|Time of day when "clock" genes peak in each organ--Courtesy of UPenn|
In addition to being blockbuster drugs, Nexium, the Advair Diskus and Rituxan all have a half-life of fewer than 6 hours and target circadian genes, meaning that their efficacy could be influenced by the timing of their administration due to the so-called biological/molecular clock, according to University of Pennsylvania researchers.
And those three medications are not alone. Using RNA sequencing and DNA arrays to quantify the level of expression of 12 mouse organs throughout the day, the team determined that 56 of the 100 best-selling drugs in the U.S. target the product of a circadian gene.
"The genome is under much more clock control than we once thought," said former UPenn postdoc Michael Hughes, now a biology professor at the University of Missouri-St. Louis, in a UPenn news release. Hughes and colleagues found that the transcription into proteins of 43% of protein coding genes was influenced by circadian rhythms.
The team found wide discrepancies between organs, with the liver having the most circadian genes (3,186) and the brain's hypothalamus the fewest (642). In addition, 1,400 genes had a different patterns of expression depending on which organ it was operating in, and only 10 oscillated in all 12 organs, forming the body's "core clock." In generally the expression of circadian genes is highest during the dawn and dusk hours.
Knowledge of the circadian rhythms of various genes has strong clinical implications. Cancer, Type 2 diabetes, Alzheimer's disease, schizophrenia, Down syndrome, obesity and coronary artery disease are the diseases most closely associated with circadian genes, according to the team's paper in the Proceedings of the National Academy of Sciences.
The study marks advancement in chronotherapy. "At its core, this field aims to understand how the time of day influences the metabolism, efficacy toxicity and off-target effects of therapeutics," the paper explains.

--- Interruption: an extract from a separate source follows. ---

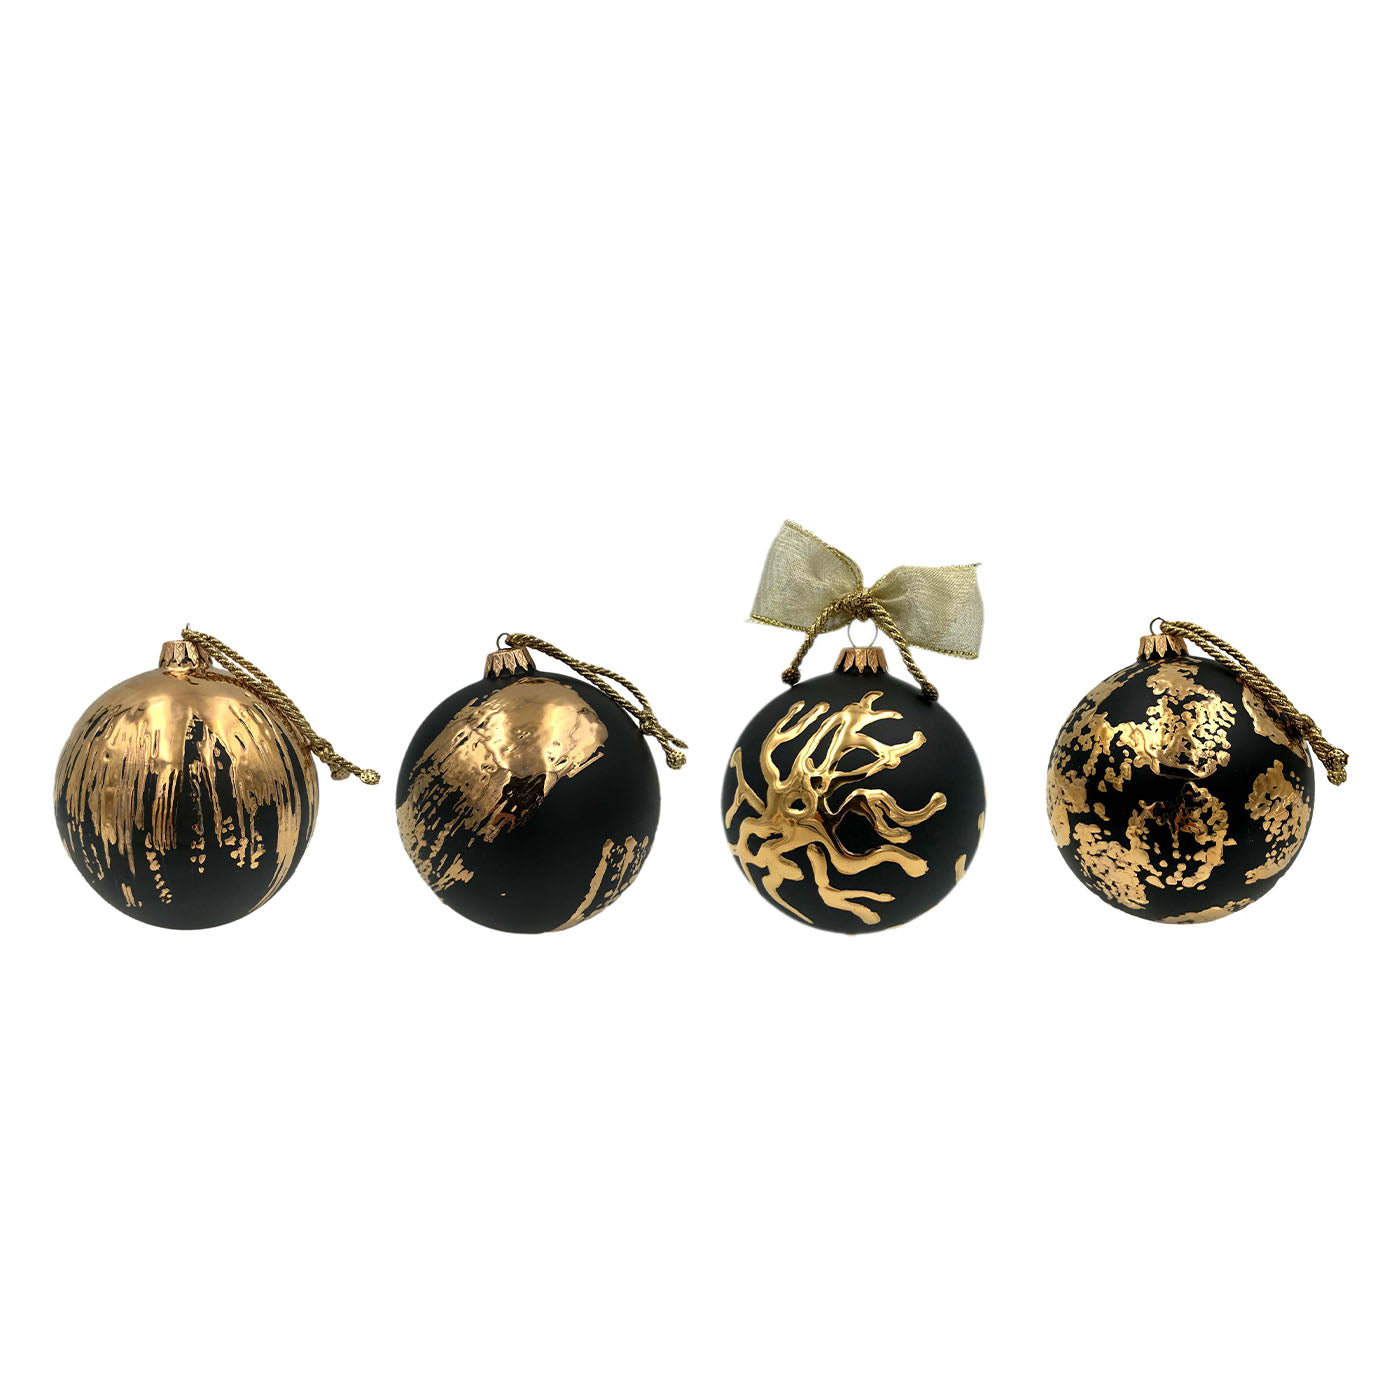 Penellata Ceramic Christmas Ornament Black and Gold - Alternative view 1

Chronotherapy has already proven influential, leading to the insight that short half-life statins work best when taken before bedtime, because cholesterol is synthesized when we sleep. Similarly, aspirin should be taken at night when used to prevent heart attacks because of the oscillation of Ptgs1 gene expression, the paper says. In general, medications with short half-lives are more susceptible to circadian rhythms because they are available in the body for a shorter duration of time.
"Now we know which drug targets are under clock control and where and when they cycle in the body. This provides an opportunity for prospective chronotherapy," said UPenn professor of Systems Pharmacology and Translational Therapeutics John Hogenesch in the university news release.
Currently, the timing of drug delivery is not a highly considered factor. The articles says that "the influence of time of administration on the majority of pharmaceuticals on the today has not been extensively studied, and circadian effects are not an aspect of drug efficacy and safety trials."